On the other hand, lower class males were more likely to stay in criminal behavior, forcing them to go behind bars. Even though toxic masculinity increases resistance to psychotherapy and other forms of mental health treatment from inmates, there are general steps clinicians can take to reduce this dilemma from occurring in prisons. The first step this article states is that therapists should respect the prisoner by understanding their resistance to speak. Generally, they do this by not pressuring the inmate to talk about certain things that make them feel uncomfortable.
Secondly, a brief discussion about confidentiality should take place.Since many clinicians are required to report any illegal activity or threats said by the prisoner, they should notify the prisoner of this policy in advance. That way, the prisoner is well aware of the circumstances once he begins talking. As a result of this, prisoners may begin to feel respected by the therapist due to their informative gesture. Thirdly, it is important for the clinician to negotiate with the prisoner in order to lend some kind of assistance through treatment. This allows both parties to safely communicate about things that may not be so confidential yet beneficial to proper treatment.This shows the prisoner that the therapist can still help in a limited amount of ways.
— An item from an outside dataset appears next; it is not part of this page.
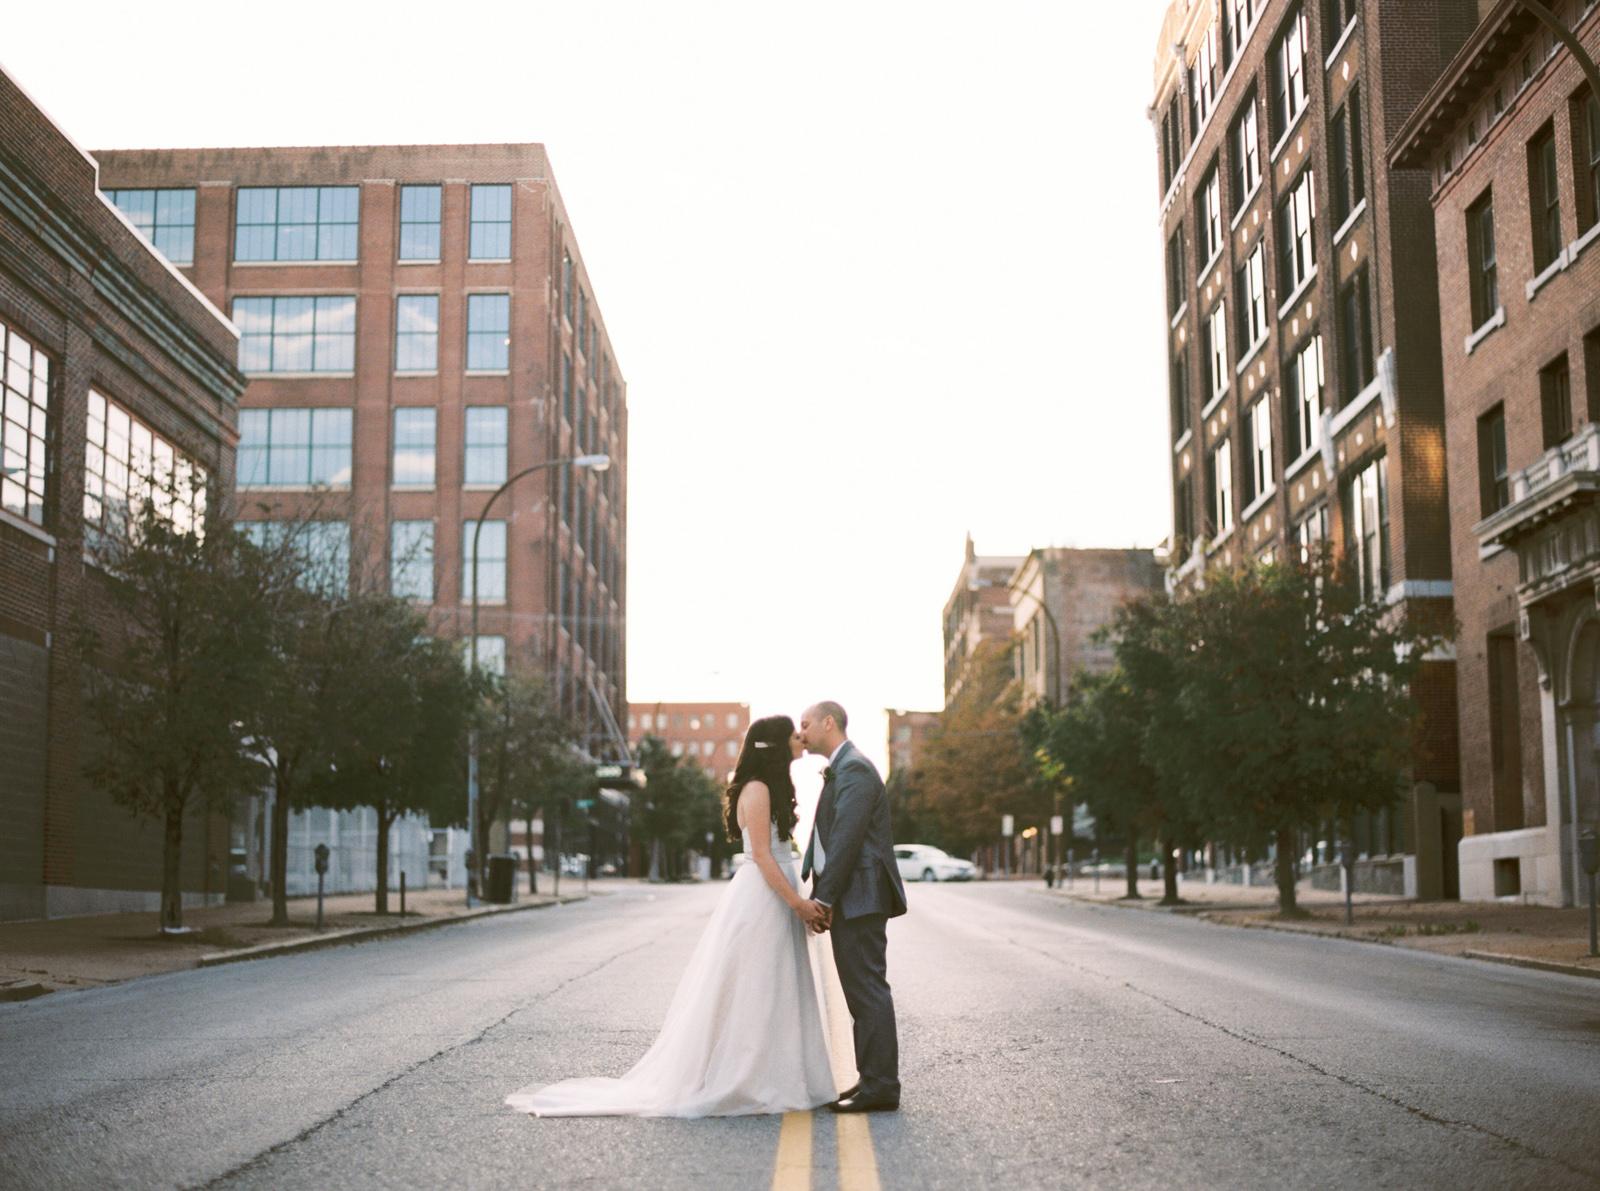 Oldani-Photography-St-Louis-Film-Photographer-Schlafly-Tap-Room-Wedding-Reception8603_12.jpg

Lastly, mental health staff members should be willing to stand up to security or administration for the rights or treatment needs of prisoners. By doing this within the ethical requirements of their profession, prisoners will notice the therapist’s sincere concern over the injustice that was committed towards them, which my ease the tension of resistances to treatment. In order to make use of these guidelines, legislators and departments of corrections must enforce these steps on a regular basis.This can be very difficult because the current tendency is to increase harsher punishment among prisoners. By inflicting more punishment, correctional officers feel that this is the best way to control violent inmates.
Researchers truly believe that if group work and psychotherapy is practiced in prisons, it can lead therapists to understand and eliminate the resistance of effective treatment among the prison population. The more communication that exist in prisons, the better chance of understanding and trust given by inmates.